• ASSIGNMENT:
In the records that follow, find the line containing "Mẫu website bán hàng - 364" and the line containing "Bécs, 1898. Cs.", then transcribe both and every line between them exactly, omitting pictures.

━━━ DATA SHOWN ━━━

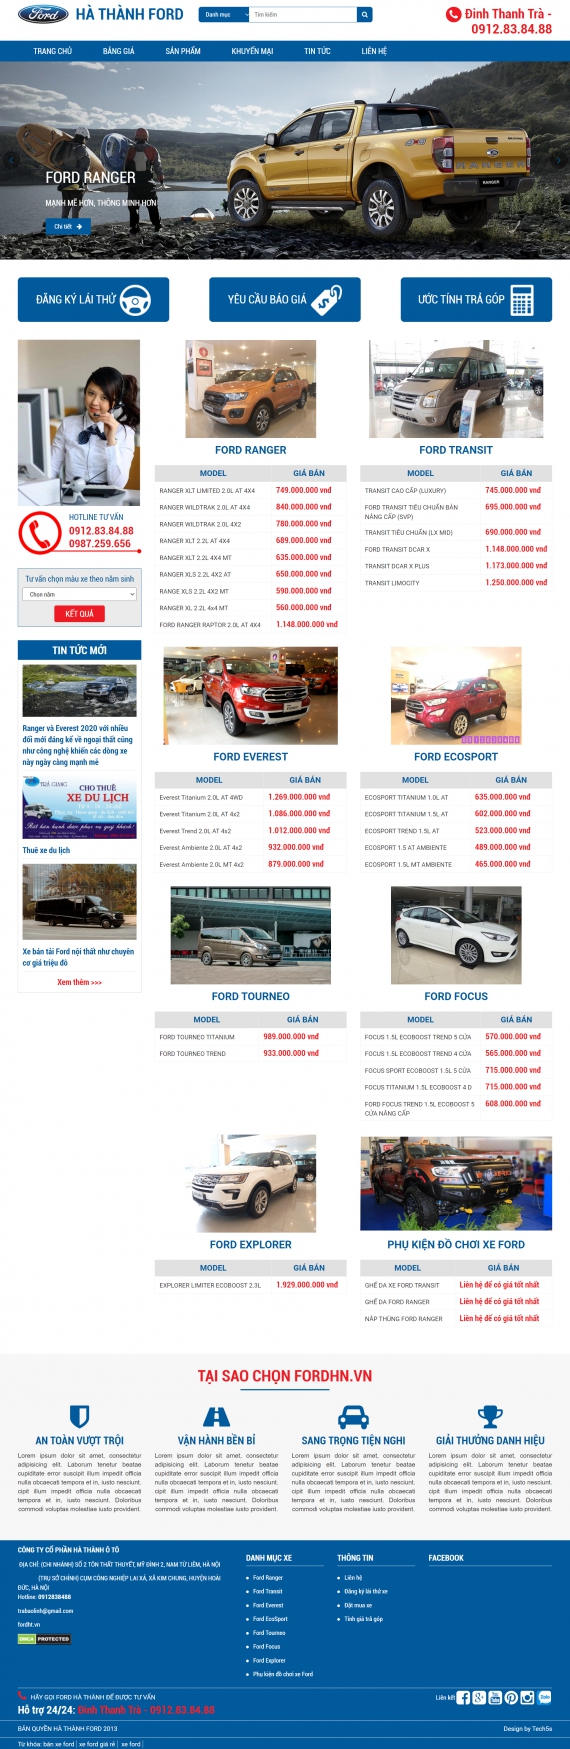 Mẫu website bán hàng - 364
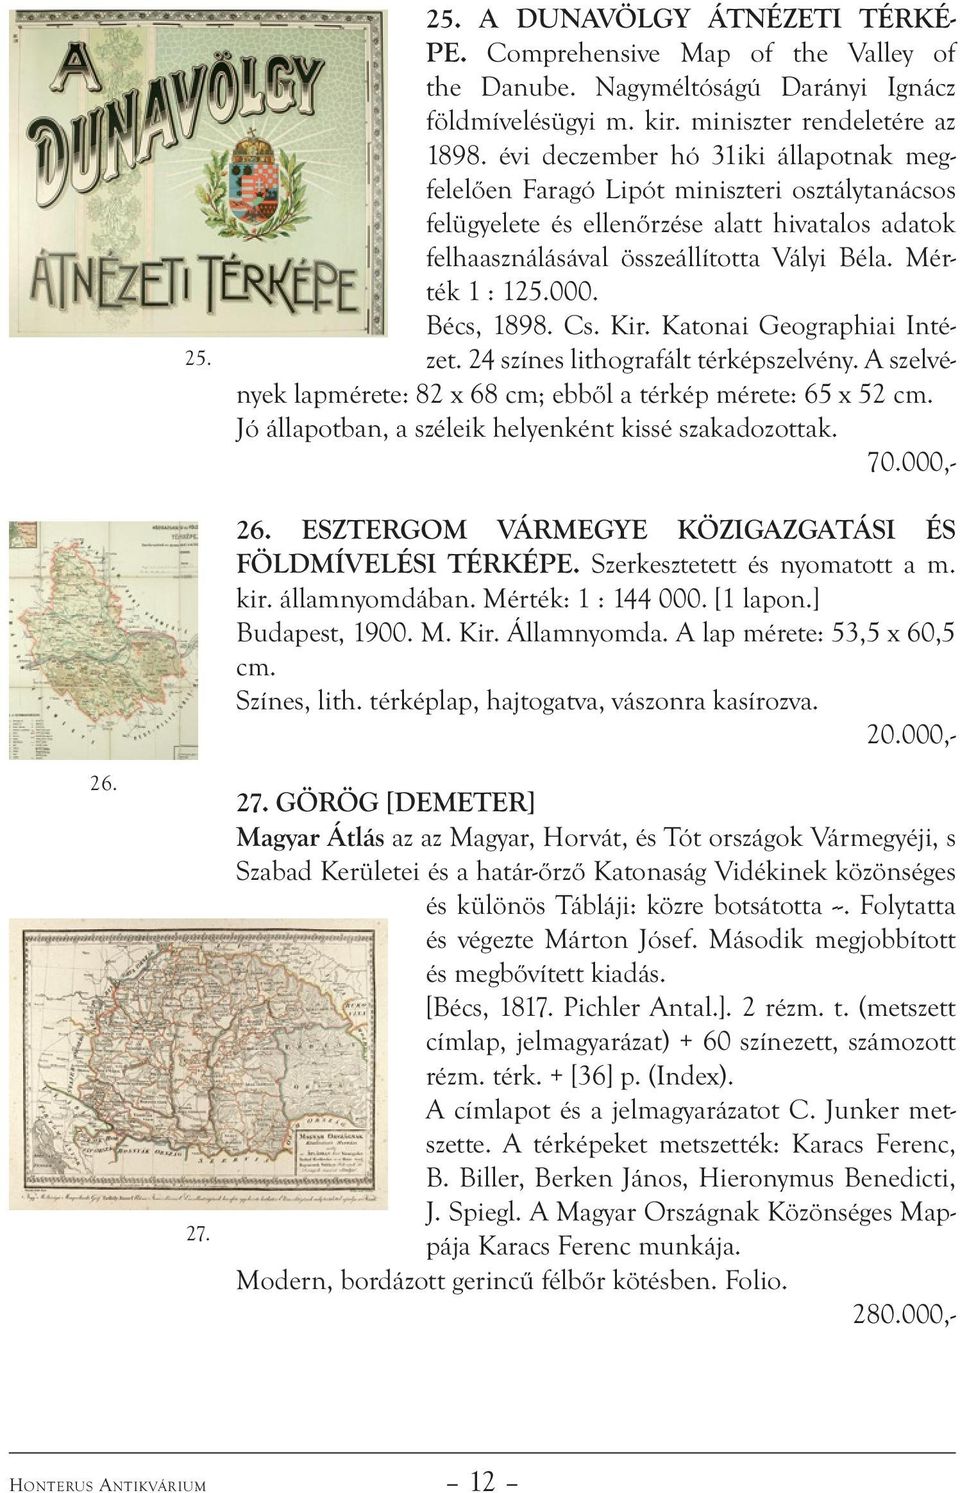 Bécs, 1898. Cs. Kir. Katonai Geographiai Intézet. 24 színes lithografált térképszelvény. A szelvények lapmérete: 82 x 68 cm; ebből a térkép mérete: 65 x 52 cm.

━━━
━━━ DATA SHOWN ━━━

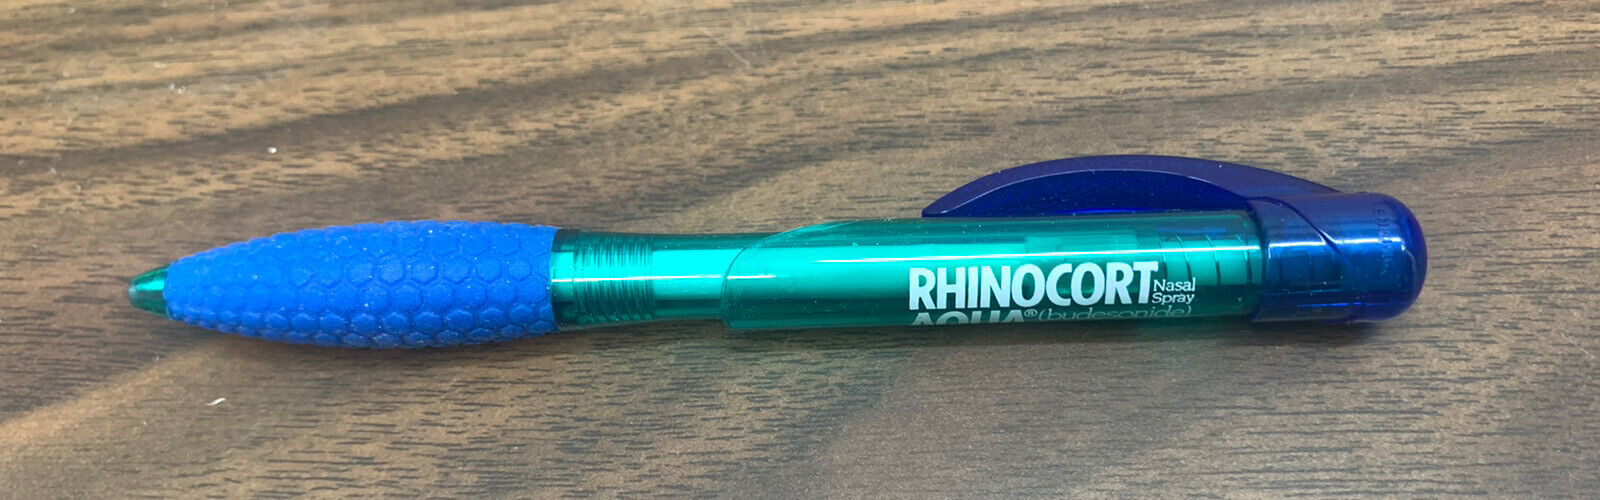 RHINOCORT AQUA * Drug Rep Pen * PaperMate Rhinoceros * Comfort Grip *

━━━

• TASK RESULT:
 Mẫu website bán hàng - 364
 Bécs, 1898. Cs. Kir. Katonai Geographiai Intézet. 24 színes lithografált térképszelvény. A szelvények lapmérete: 82 x 68 cm; ebből a térkép mérete: 65 x 52 cm.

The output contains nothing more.